During pregnancy, it’s not just the body that changes. The brain too

A recent study suggests that pregnancy causes significant changes in the brain that persist for at least two years after birth in women. Changes that would allow the mother to prepare for the future needs of her child.

During pregnancy, it’s not just your body that changes, ladies. Your brain too. Changes in brain structure and function, including reduced gray matter volume, occur in regions involved in social interactions such as the perception and interpretation of desires, emotions, intentions, and mood. others or oneself. According to psychiatrist Elseline Hoekzema, of the University of Barcelona, ​​it is changes of a hormonal nature that would prepare the mother for the demands of caring for the baby.

This study was conducted over a period of more than five years and details of this work have been published in the journal Nature Neurosciences. Elseline Hoekzema and her colleagues analyzed 25 first-time mothers before and after childbirth using imaging tests to characterize pregnancy-induced structural changes in the gray matter of their brains. Compared with the brains of 19 fathers, 17 childless men and 20 women who had never given birth, women with first births showed reduced gray matter in regions associated with social skills.

 » Loss of gray matter volume is not necessarily a bad thing “explains the psychiatrist.  » It can also represent a beneficial process of maturation or specialization « . The authors also observed increased neural activity in some of these pregnancy-altered brain regions when they showed mothers photos of their own infants.

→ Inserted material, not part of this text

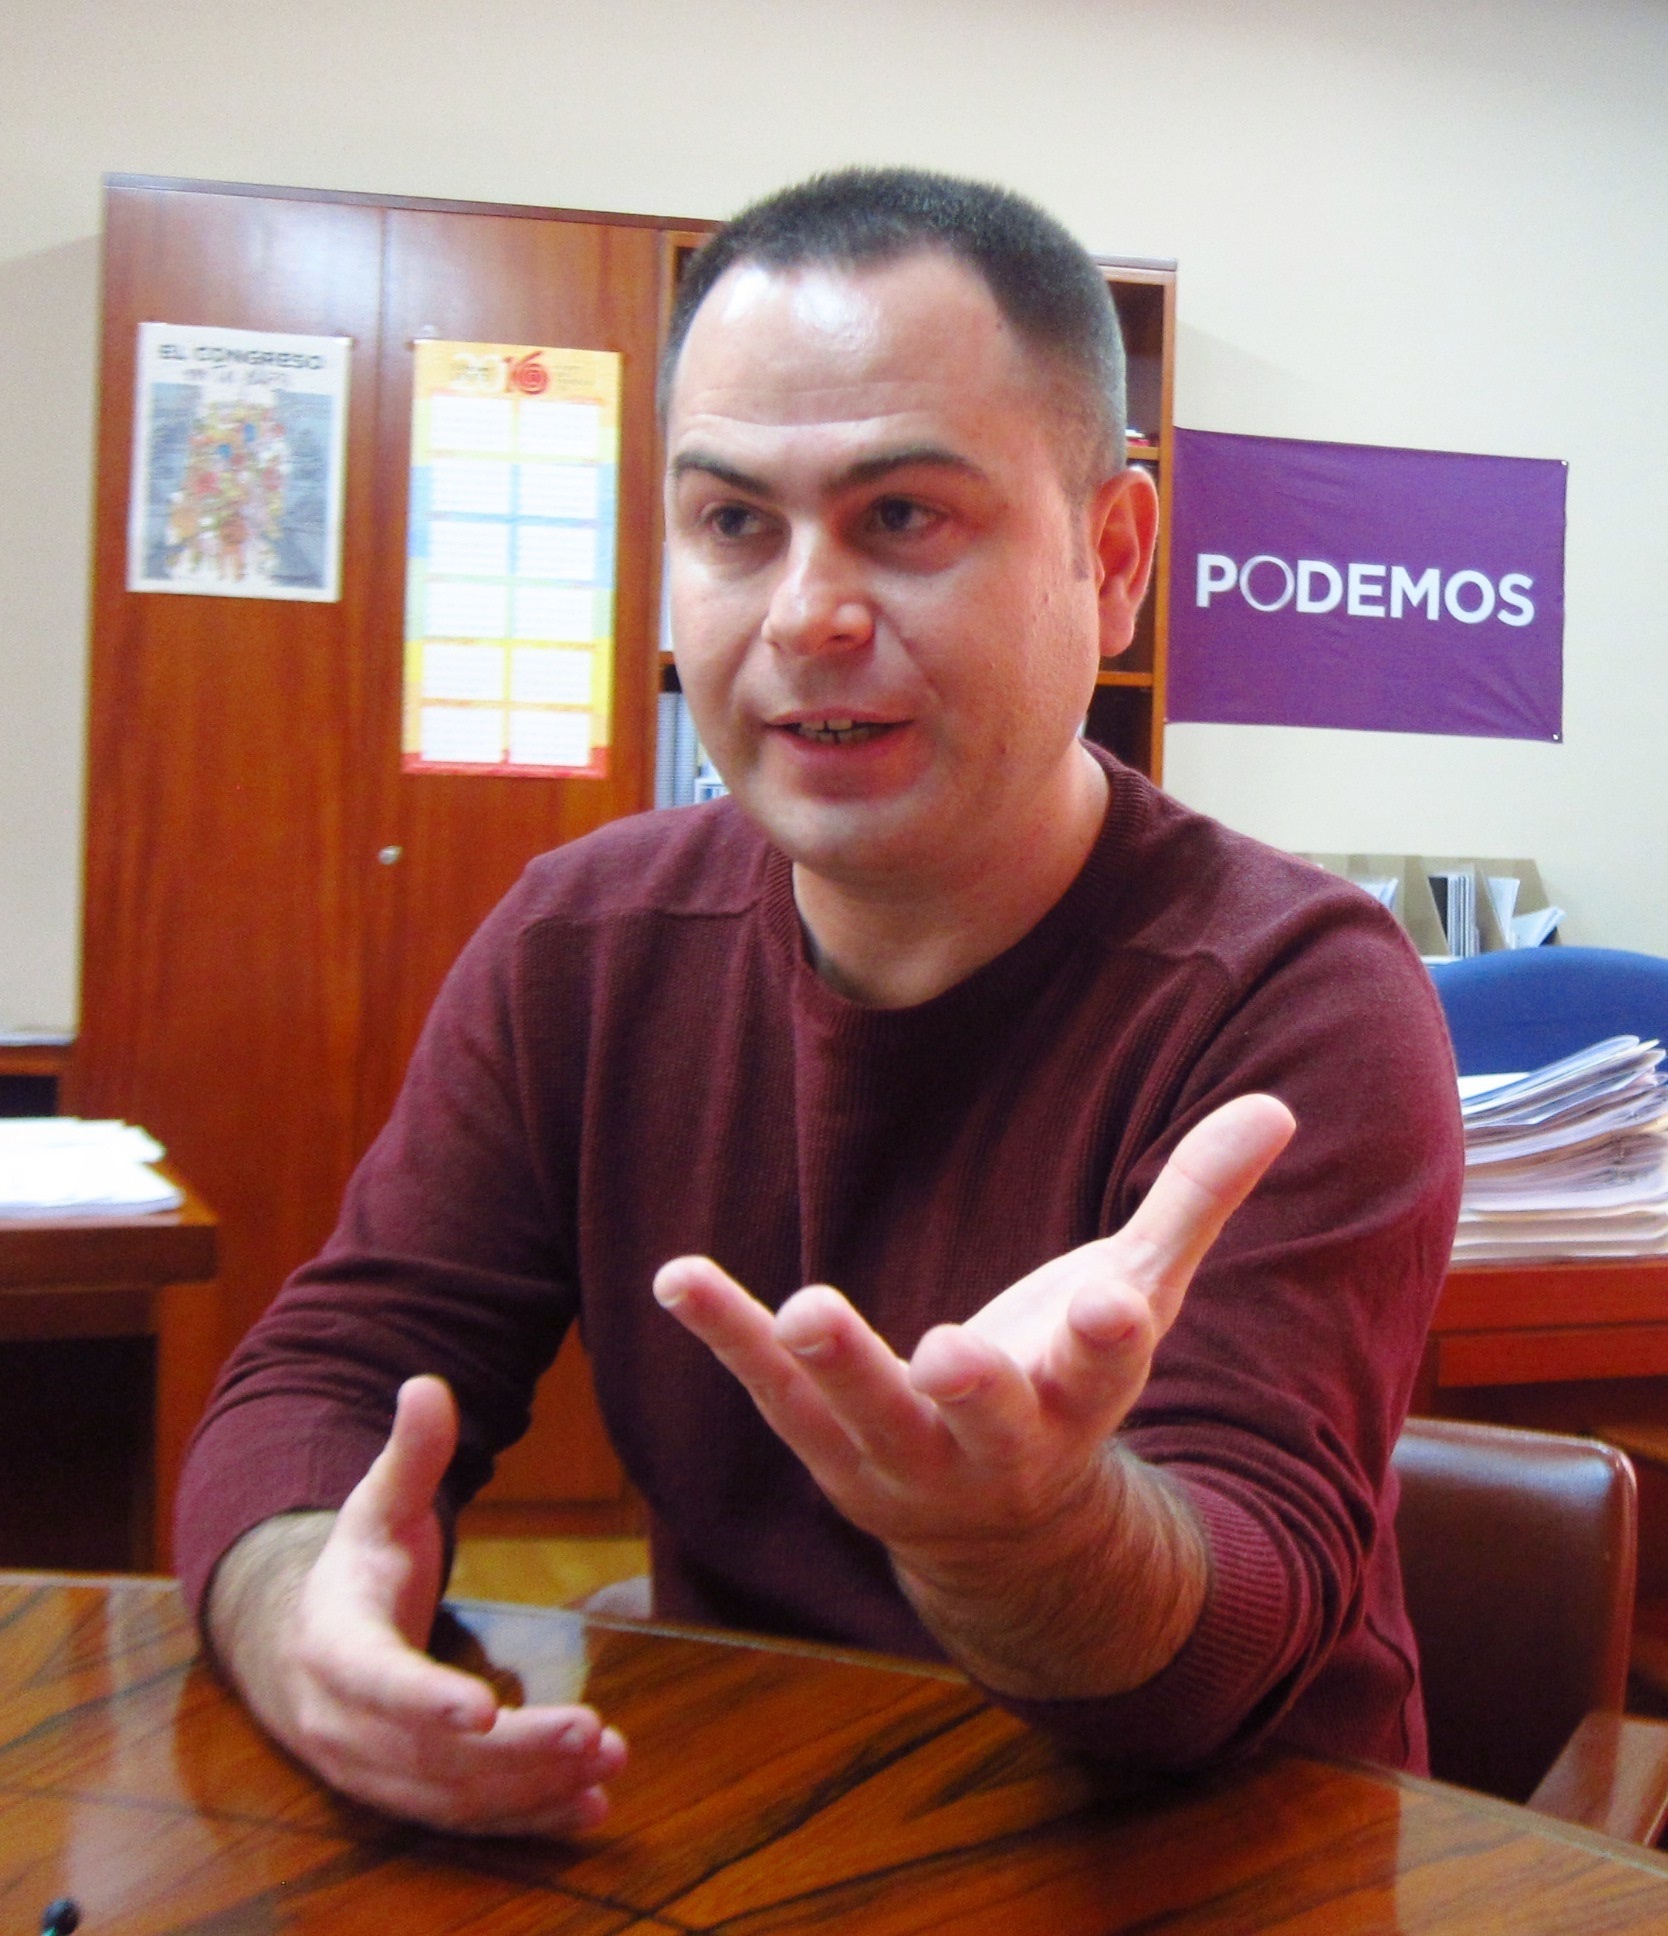 Llorente (Podemos C-LM) discrepa sobre la posible entrada al Gobierno de García-Page: “No vinimos a conseguir sillones”

We should also note that these reductions in gray matter were maintained in mothers whose first child was born almost two years after delivery, with the exception of a partial recovery of the volume of gray matter in the hippocampus, region associated with memory. The authors suggest that these changes can prepare a woman for the social demands of impending motherhood.

This pattern of structural changes could also be used to predict the quality of attachment of mothers to their infants in the postpartum period.